NEON vectorization improvements - preliminary notes - linaro-toolchain

List overview All Threads
Download

newer

NEON vectorization improvements - preliminary notes

older

Linaro GDB release process

arm thumb veneer question

Julian Brown

15 Sep 2010 15 Sep '10

9:37 a.m.

Hi,

In case this is useful in its current (unfinished!) form: here are some notes I made whilst looking at a couple of the items listed for CS308 here:

https://wiki.linaro.org/Internal/Contractors/CodeSourcery

Namely:

* automatic vector size selection (it's currently selected by command line switch)

* also consider ARMv6 SIMD vectors (see CS309)

* mixed size vectors (using to most appropriate size in each case)

* ensure that all gcc vectorizer pattern names are implemented in the machine description (those that can be).

I've not even started on looking at:

* loops with more than two basic blocks (caused by if statements (anything else?))

* use of specialized load instructions

* Conversly, perhaps identify NEON capabilities not covered by GCC patterns, and add them to gcc (e.g. vld2/vld3/vld4 insns)

* any other missed opportunities (identify common idioms and teach the compiler to deal with them)

I'm not likely to have time to restart work on the vectorization study for at least a couple of days, because of other CodeSourcery work.

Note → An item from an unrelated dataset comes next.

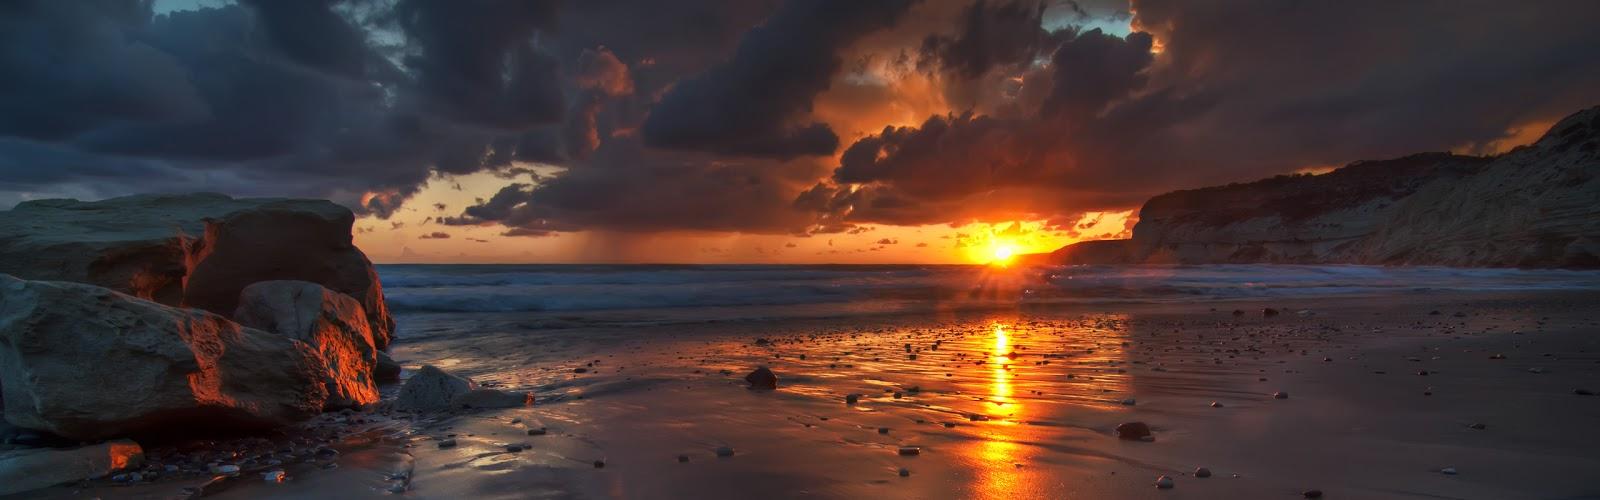 Hi Def Beach Sunset
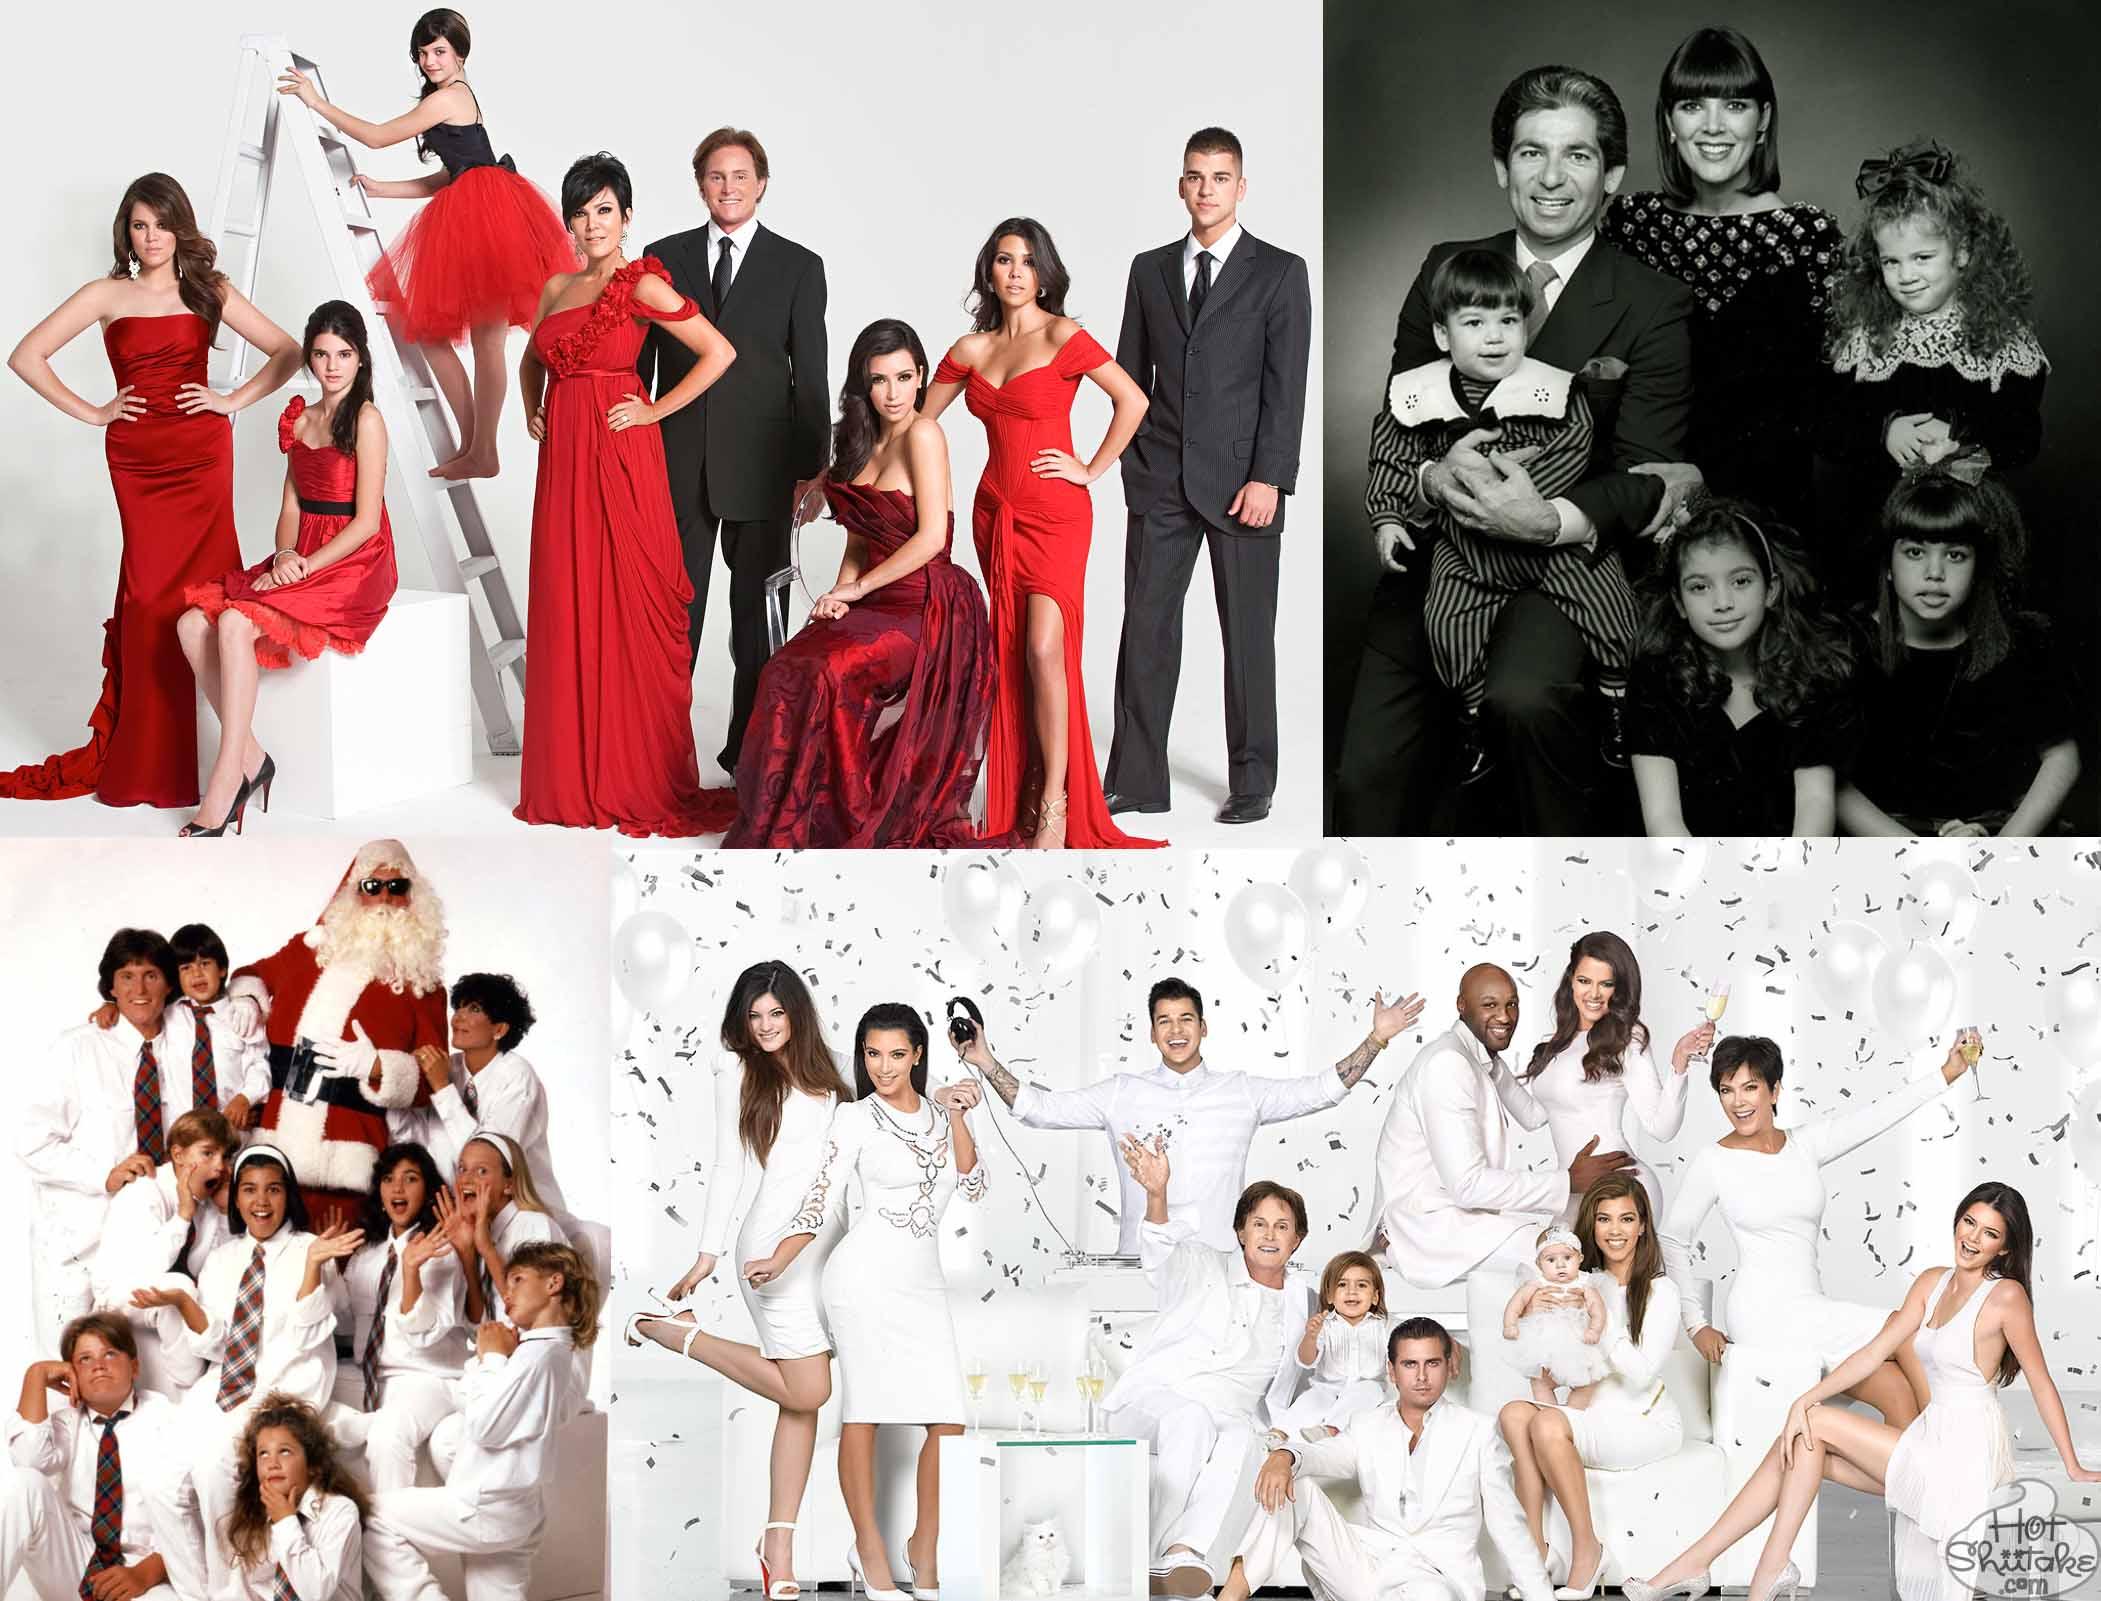 Kardashian Family Christmas Cards Over The Years

But perhaps the attached will still be useful in the meantime.

Do you (Ira) have access to the ARM ISA docs detailing the NEON instructions?

Cheers,

Julian

Attachments:

CS308-vectorization-improvements.txt (text/plain — 7.9 KB)

Show replies by date

Andrew Stubbs

15 Sep 15 Sep

9:50 a.m.

On 15/09/10 10:37, Julian Brown wrote:

...

The "vect256" branch now has a vectorization factor argument for UNITS_PER_SIMD_WORD (allowing selection of different vector sizes). Patches to support that would need backporting to 4.5 if that looks useful. Could investigate the feasibility of doing that.

Backports to 4.5 would indeed be nice, but the target here is to improve vectorization upstream.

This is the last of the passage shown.